> **Problem description**
Below are records with pictures in them. Output exactly the lines from the one with "34 week pregnancy update" through the one with "Ganesh mandal invitation card marathi", both included, and leave every picture out; give only those lines.
[Source data Boundary: Start]
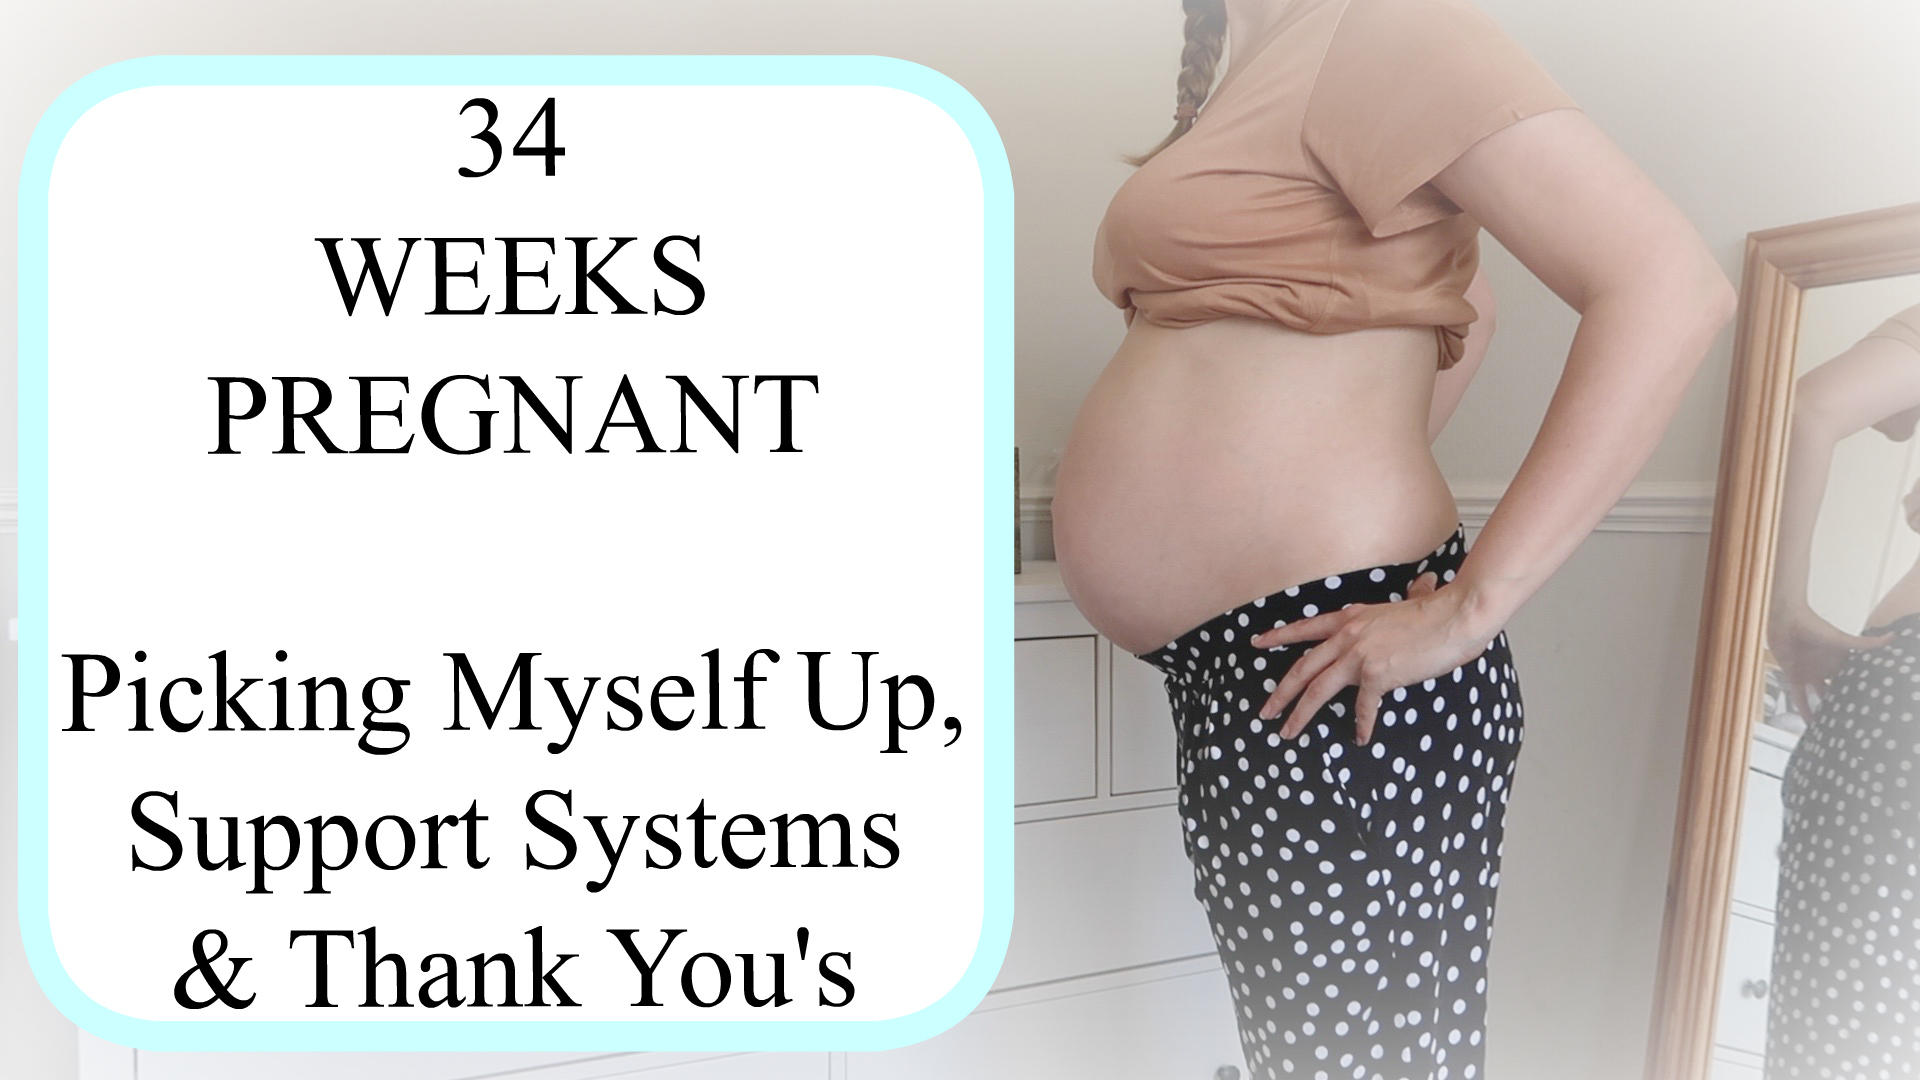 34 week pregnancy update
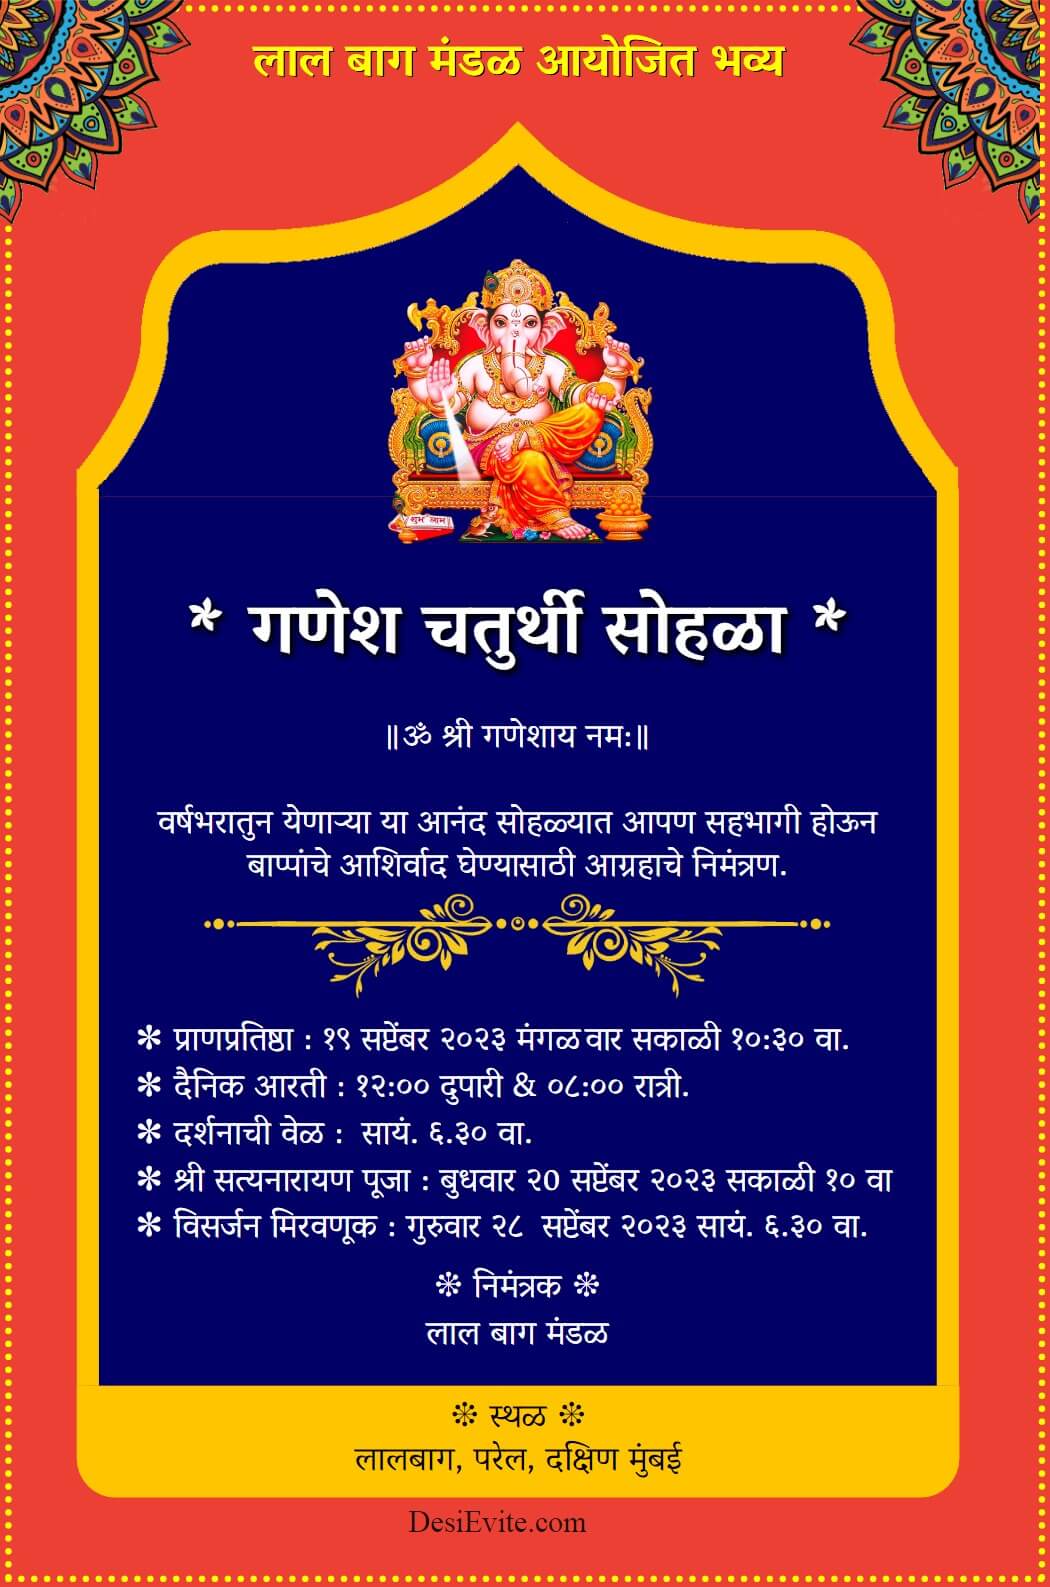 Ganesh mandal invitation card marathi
[Source data Boundary: End]
[Source data Boundary: Start]
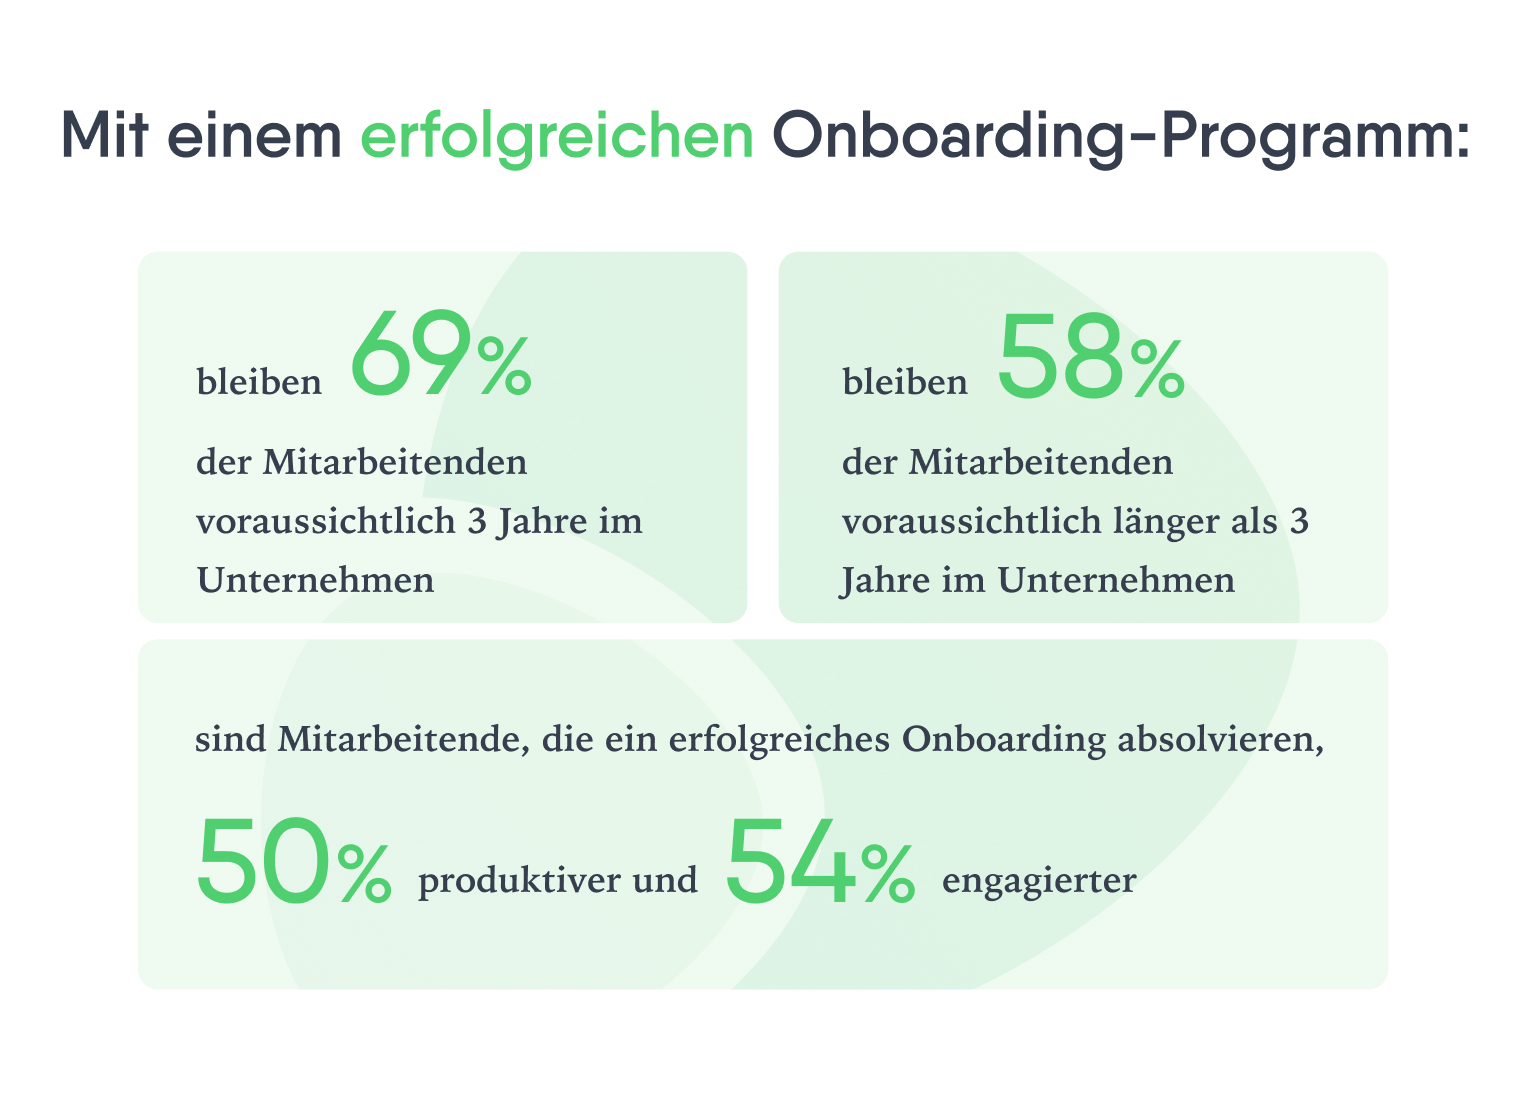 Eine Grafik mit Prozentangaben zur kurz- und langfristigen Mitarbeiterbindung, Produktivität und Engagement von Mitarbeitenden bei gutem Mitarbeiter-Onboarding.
[Source data Boundary: End]
[Source data Boundary: Start]
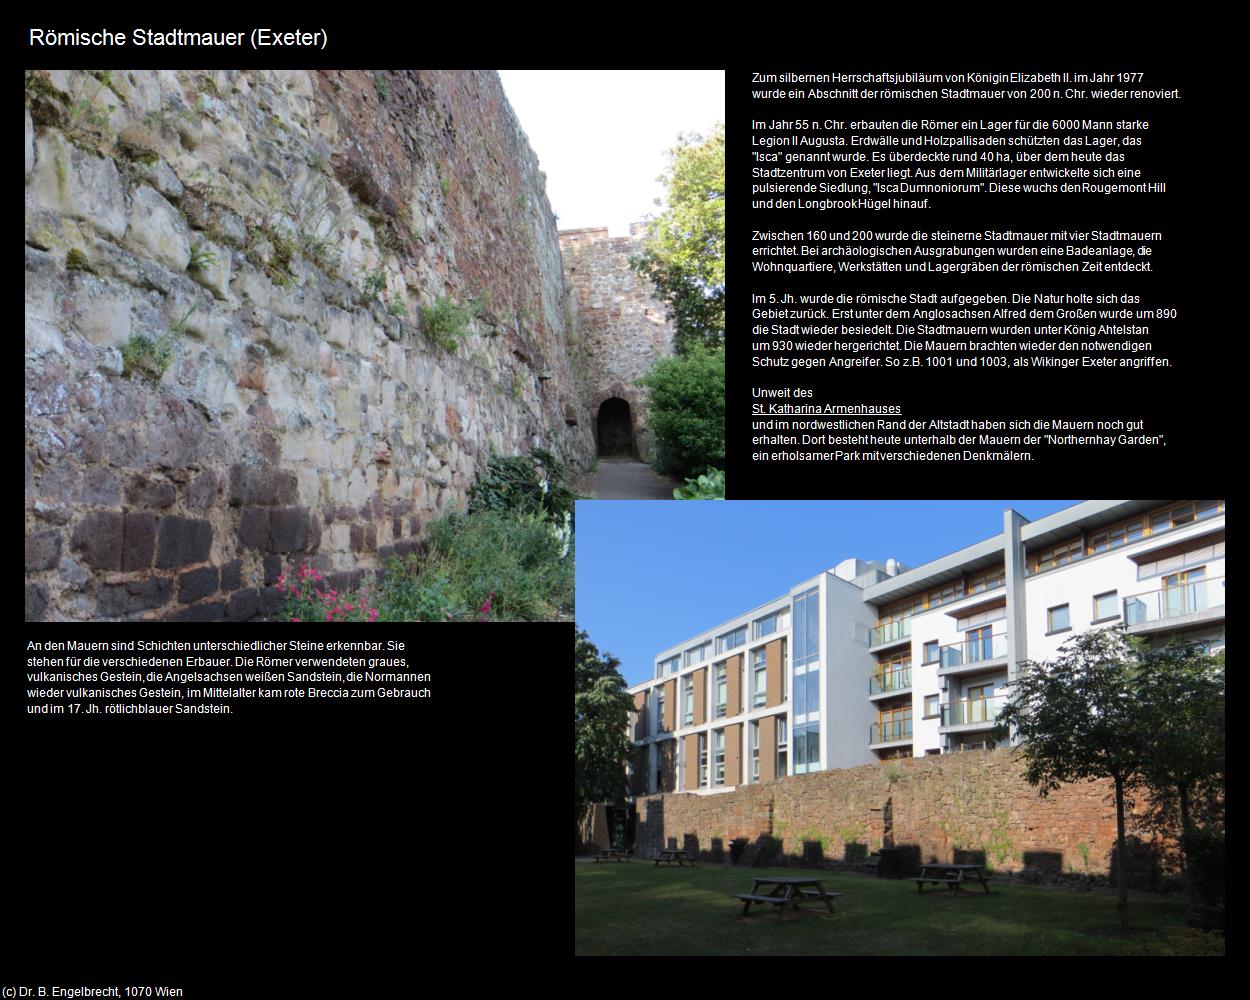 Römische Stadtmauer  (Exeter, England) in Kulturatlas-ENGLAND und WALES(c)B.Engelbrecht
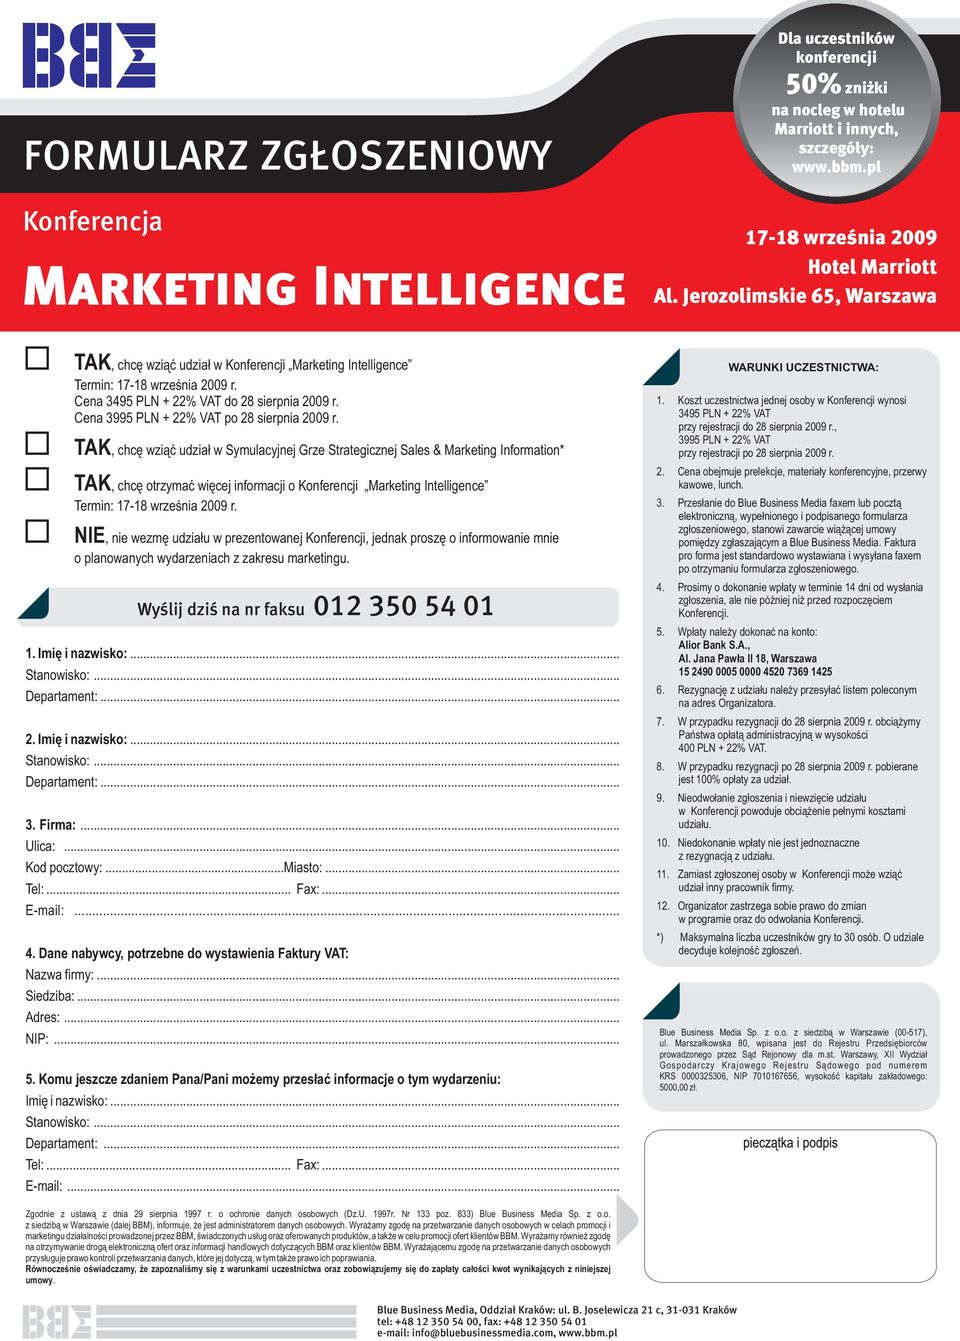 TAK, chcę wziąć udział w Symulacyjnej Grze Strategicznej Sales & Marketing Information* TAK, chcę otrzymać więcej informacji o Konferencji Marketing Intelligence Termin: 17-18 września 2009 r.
[Source data Boundary: End]
> **Task output**
 34 week pregnancy update
 Ganesh mandal invitation card marathi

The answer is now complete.